The reply should be an exact repeat of the listing, with no pictures in it.

» DATASET CONTENT:
---------------
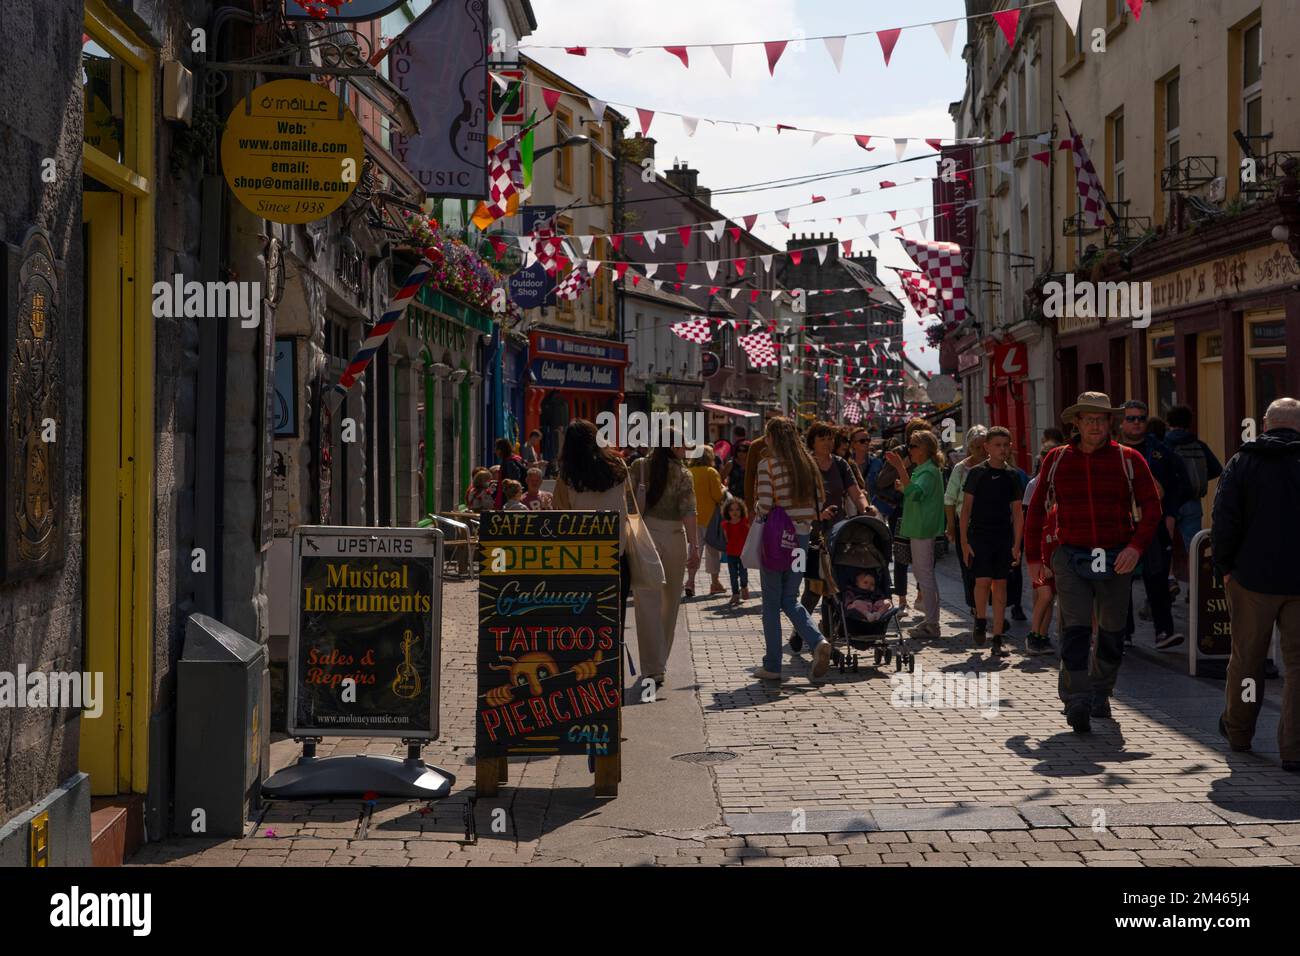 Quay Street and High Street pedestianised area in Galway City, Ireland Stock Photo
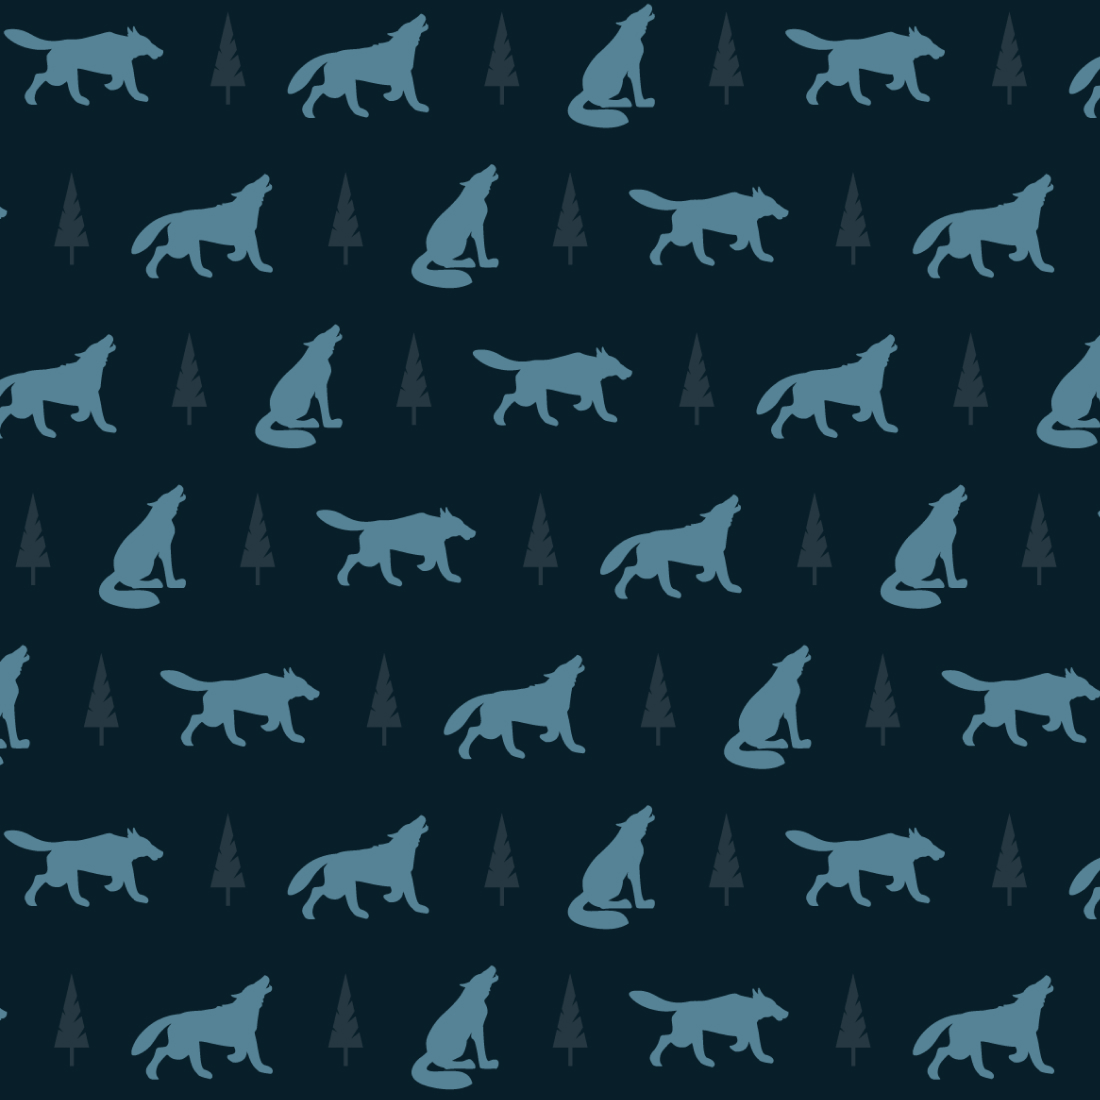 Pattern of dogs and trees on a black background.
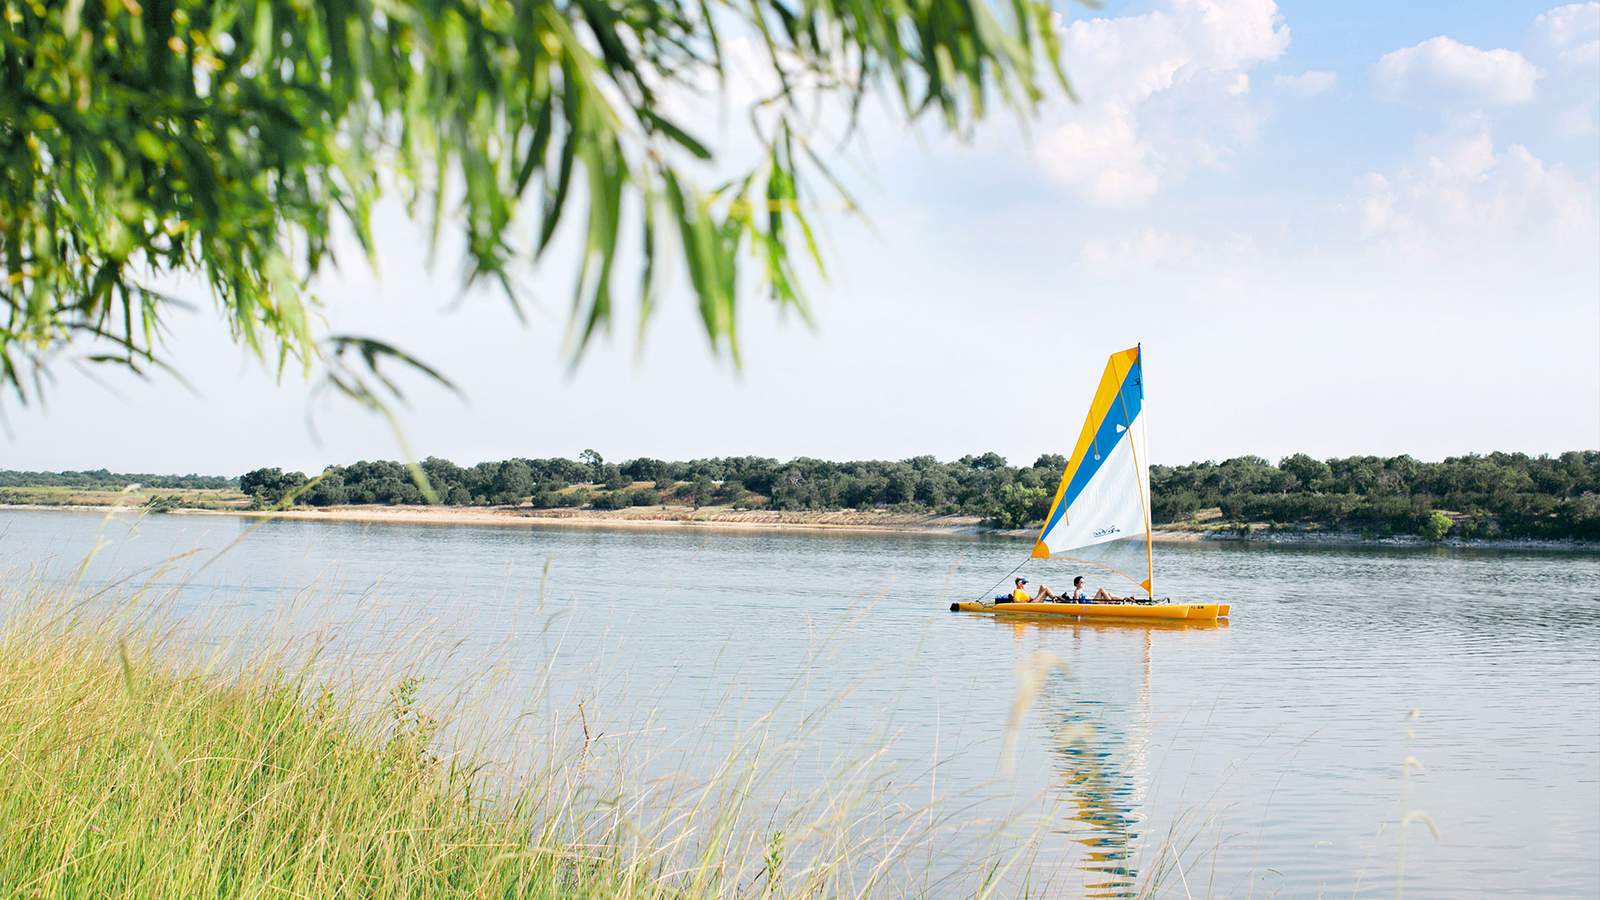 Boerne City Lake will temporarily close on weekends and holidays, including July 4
---------------
» SOLUTION BELOW:
 Quay Street and High Street pedestianised area in Galway City, Ireland Stock Photo
 Pattern of dogs and trees on a black background.
 Boerne City Lake will temporarily close on weekends and holidays, including July 4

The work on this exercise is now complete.